> Task to complete
The copy you return must match the listing word for word and carry no pictures.

> Input data
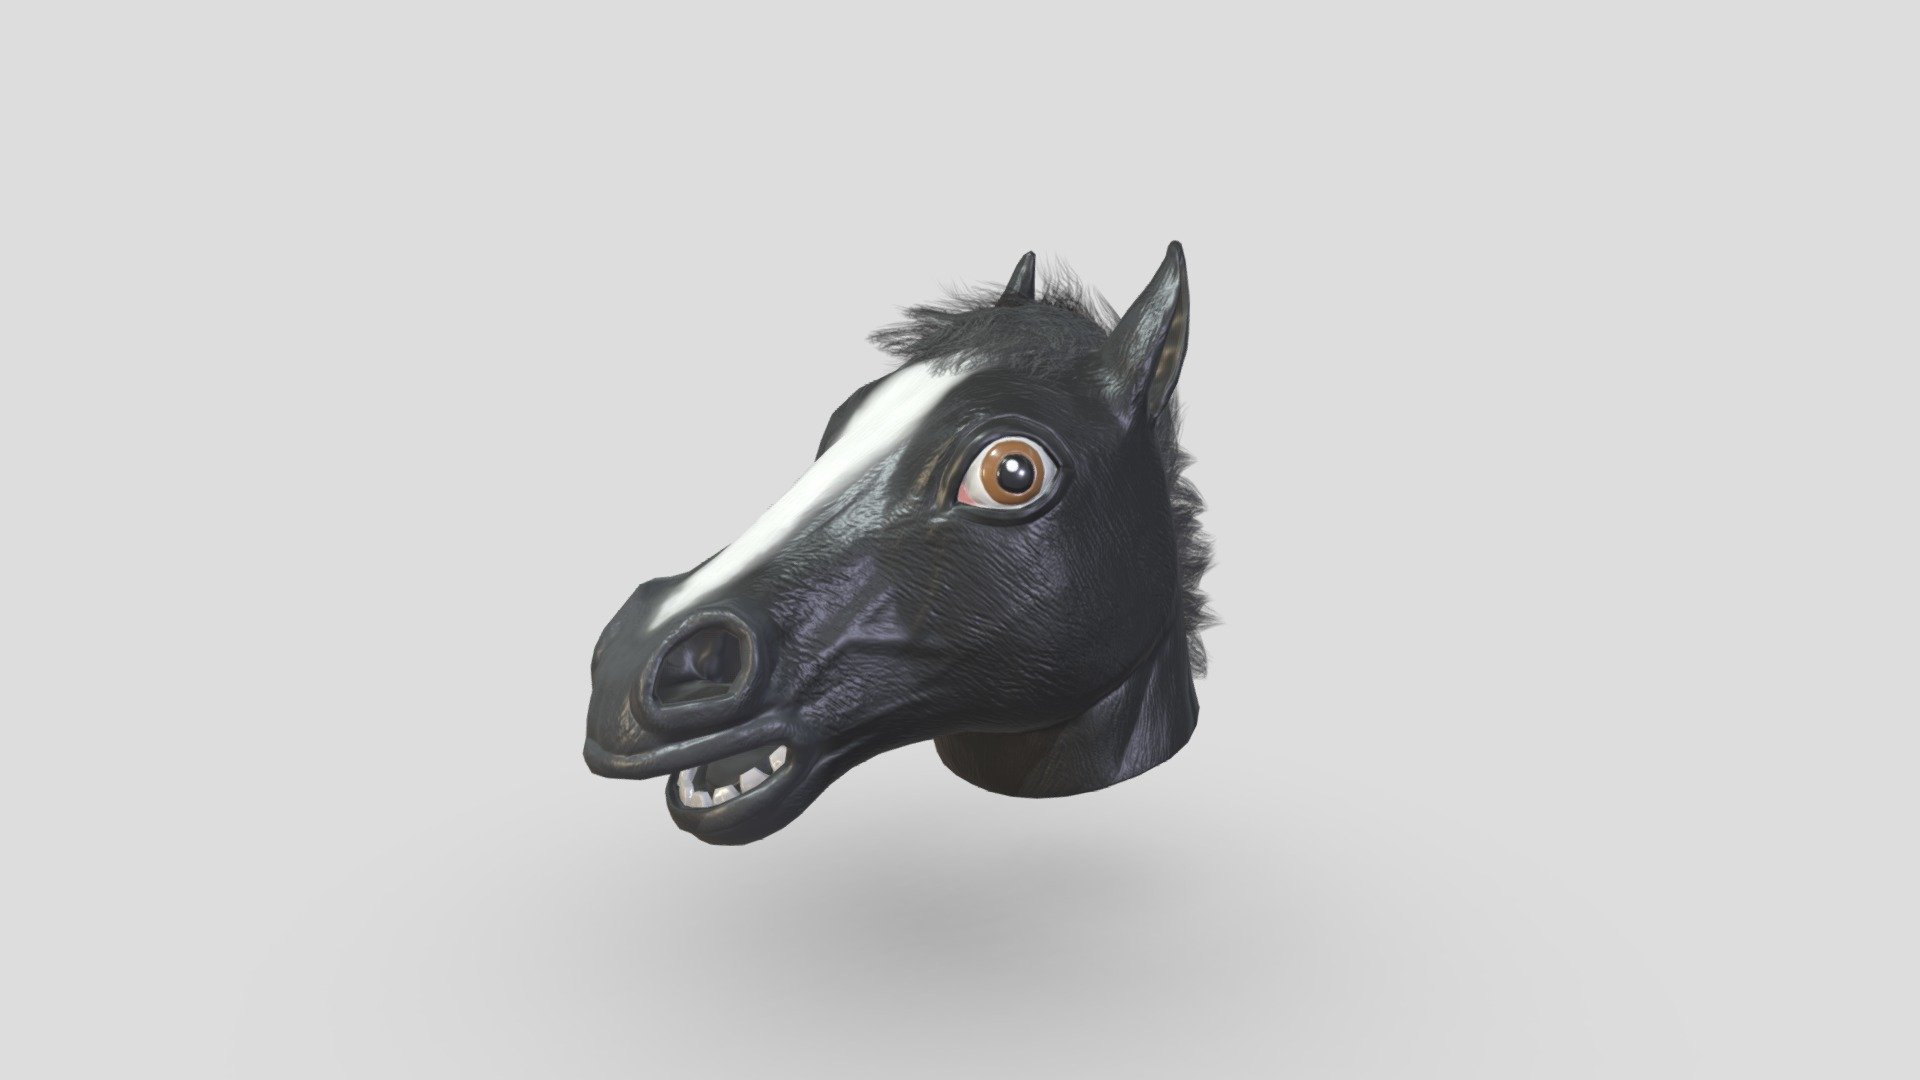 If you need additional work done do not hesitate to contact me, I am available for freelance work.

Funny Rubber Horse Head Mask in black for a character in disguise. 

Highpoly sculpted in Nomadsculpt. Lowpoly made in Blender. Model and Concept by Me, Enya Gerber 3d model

> Exercise answer
 If you need additional work done do not hesitate to contact me, I am available for freelance work.

Funny Rubber Horse Head Mask in black for a character in disguise. 

Highpoly sculpted in Nomadsculpt. Lowpoly made in Blender. Model and Concept by Me, Enya Gerber 3d model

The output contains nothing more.